For a more involved example, using a different backend, let’s say we have a larger dataset of taxi trips from NY (see also the official source of the data), that we have saved as a local arrow dataset (using parquet as a data format), where we want to make sure that some variables are in-line with our expectations/rules.
First we prepare the data by downloading it and writing the dataset to
.parquet
files. This needs to be done only once and is shown for
reproducibility reasons only, the actual dataverifyr
code is shown
below the next block
library(arrow)
url <- "https://d37ci6vzurychx.cloudfront.net/trip-data/yellow_tripdata_2018-01.parquet"
file <- "yellow_tripdata_2018-01.parquet"
if (!file.exists(file)) download.file(url, file, method = "curl")
file.size(file) / 1e6 # in MB
#> [1] 123.6685
# quick check of the filesize
d <- read_parquet(file)
dim(d)
#> [1] 8760687 19
names(d)
#> [1] "VendorID" "tpep_pickup_datetime" "tpep_dropoff_datetime" "passenger_count"
#> [5] "trip_distance" "RatecodeID" "store_and_fwd_flag" "PULocationID"
#> [9] "DOLocationID" "payment_type" "fare_amount" "extra"
#> [13] "mta_tax" "tip_amount" "tolls_amount" "improvement_surcharge"
#> [17] "total_amount" "congestion_surcharge" "airport_fee"
# write the dataset to disk
write_dataset(d, "nyc-taxi-data")
Next, we can create some rules that we will use to check our data. As we
saw earlier, we can create the rules in R using the rule()
and
ruleset()
functions, there is however, the (in my opinion) preferred
option to separate the code from the rules by writing the rules in a
separate yaml file and reading them into R.

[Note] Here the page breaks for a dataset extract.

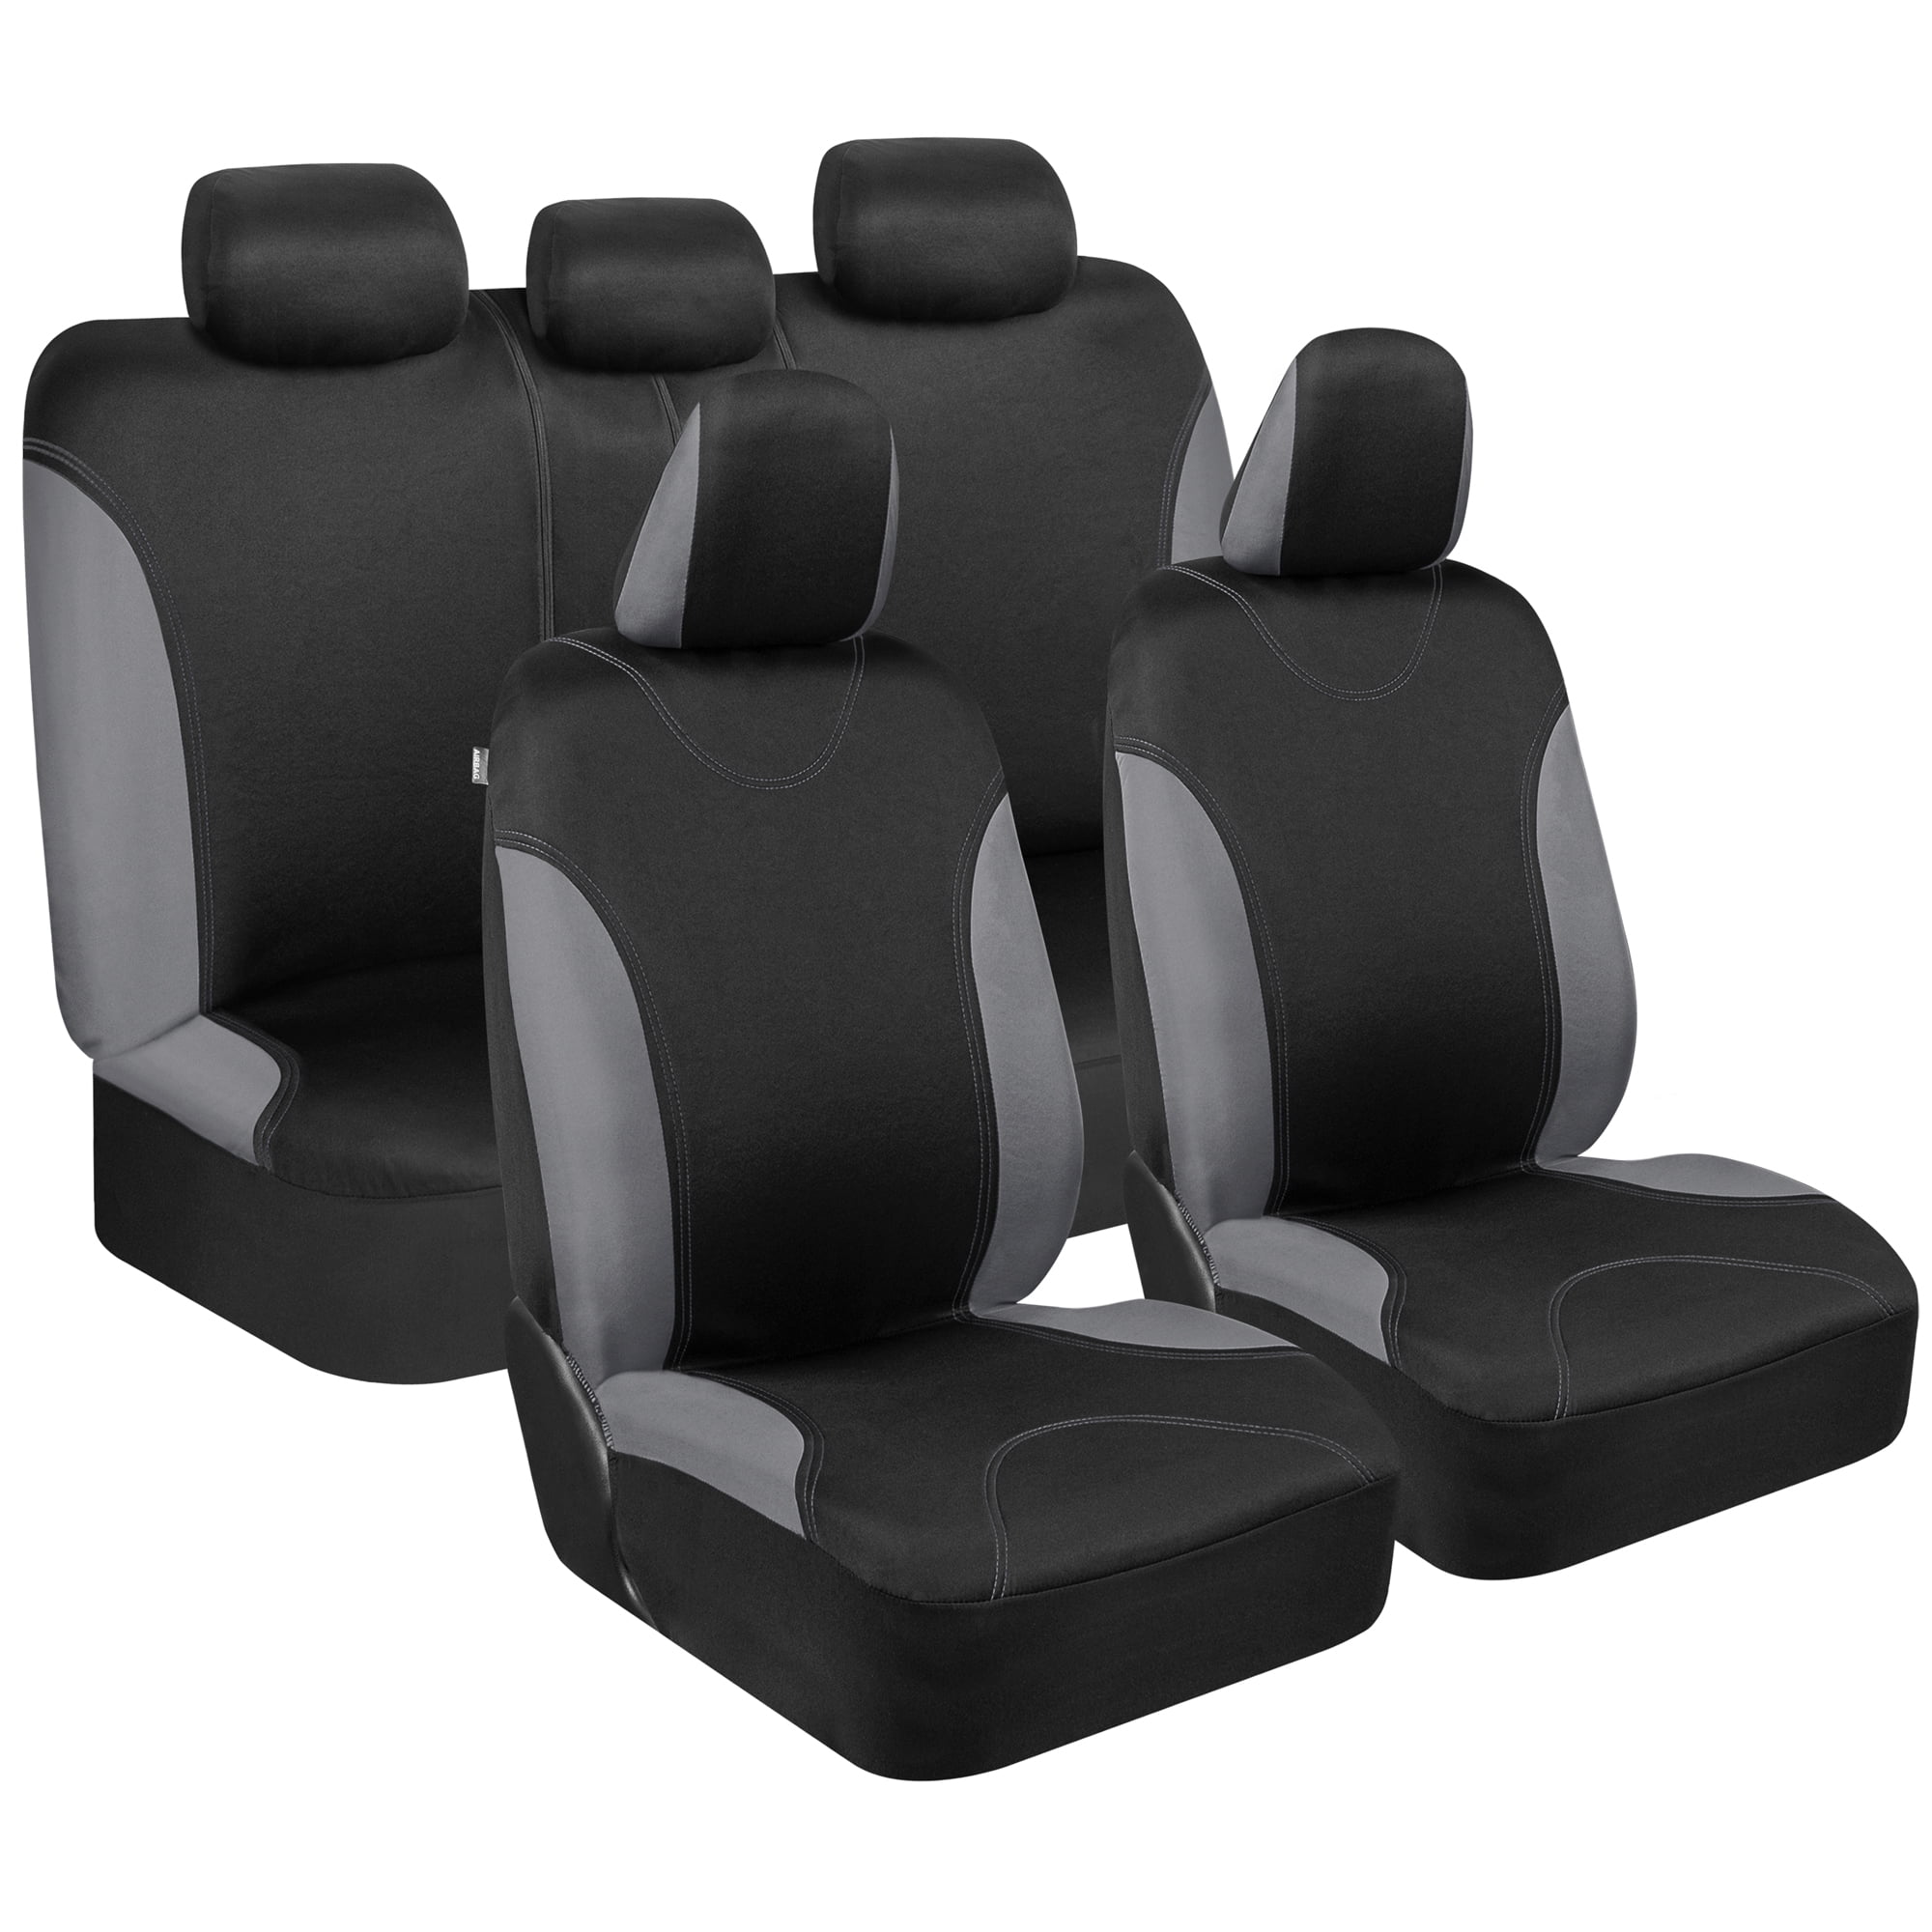 Magiona Car Seat Covers Full Set 9pc Sideless Front and Split Bench Back Seat Cover Set Easy Install Universal Fit for Car Auto Truck Van SUV Black

First we display the hand-written contents of the nyc_data_rules.yaml
file.
- name: 'Rule for: passenger_count'
expr: passenger_count >= 0 & passenger_count <= 10
allow_na: no
negate: no
index: 1
- name: 'Rule for: trip_distance'
expr: trip_distance >= 0 & trip_distance <= 1000
allow_na: no
negate: no
index: 2
- name: 'Rule for: payment_type'
expr: payment_type %in% c(0, 1, 2, 3, 4)
allow_na: no
negate: no
index: 3
Then, we can load, display, and finally check the rules against the data
rules <- read_rules("nyc_data_rules.yaml")
rules
#> <Verification Ruleset with 3 elements>
#> [1] 'Rule for: passenger_count' matching `passenger_count >= 0 & passenger_count <= 10` (allow_na: FALSE)
#> [2] 'Rule for: trip_distance' matching `trip_distance >= 0 & trip_distance <= 1000` (allow_na: FALSE)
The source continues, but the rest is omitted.